In 1997, a Swedish trial showed a positive influence of pre-operative RT on life expectancy [55]. Unfortunately, no other trials have confirmed this conclusion. On the other hand there is a revolutionary paper describing 71 (28%) out of 260 patients with complete clinical response to pre-operative chemoradiotherapy who were not treated surgically [56].

It must be emphasised that precise estimation of tumor stage is the key to qualification for pre-opera-tive RT. If the tumor is described as T1 or T2, surgery alone is standard. T3 tumors, short course pre-oper-ative RT is advocated. Short course of RT comprises of total dose of 25 Gy, 5 Gy per fraction for 5 days and is given before consecutive surgery which follows i week after radiation. In case of T4 tumors, long course pre-operative RT should be introduced. The patient is irradiated 5 days/week for 5 weeks to the total dose of 45-50.4 Gy with 1.8 Gy per single fraction. It is mainly combined with 5-FU chemotherapy with (first and last week of irradiation). The surgery is performed 4-7 weeks after irradiation.

In the Uppsala trial in Sweden, adjuvant and neoadjuvant therapy were compared directly. The study revealed a significantly lower rate of local recurrence after the neoadjuvant mode of irradiation (12 vs. 21%) [57].

Although some authors suggest that in selected cases a sphincter-preserving operation could be performed because of the downstaging result of long course pre-operative RT [58], there is general agreement that the operation policy should not be changed after neoadjuvant therapy.

Beside the fact that more and more data are being gathered in favour of the pre-operative mode of irradiation, post-operative radiochemotherapy is still acceptable.
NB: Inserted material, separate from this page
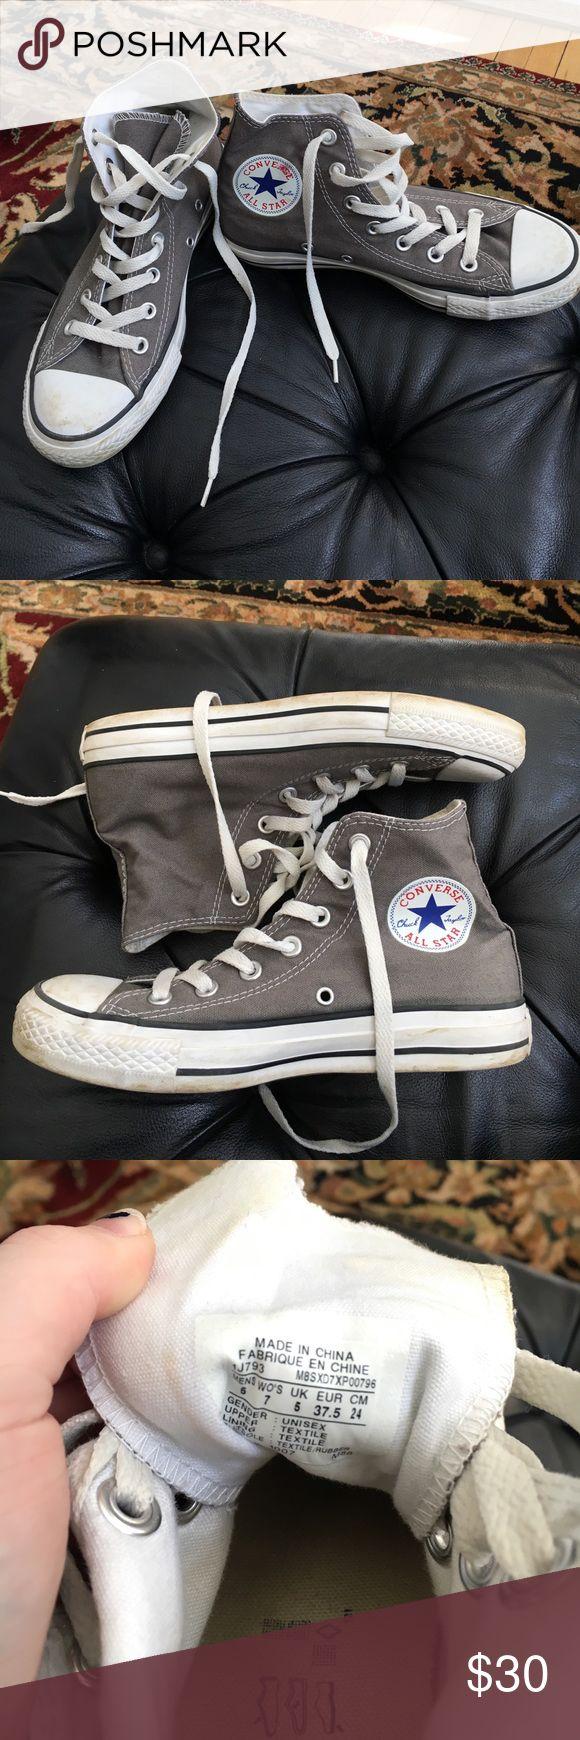 Grey high top converse gently worn grey high top converse size 7 women Converse Shoes Sneakers

It should be performed if post-operative pathological assessment reveals symptoms of cancer advancement. It is conducted in the following manner: radiation to the total dose of 45-50.4 Gy with 1.8 Gy per single fraction. The patient is irradiated 5 days/week for 5 weeks. It is combined with chemotherapy with 5 FU (6 courses, one week each; first and last week of radiation is combined with 3rd and 4th course of chemotherapy).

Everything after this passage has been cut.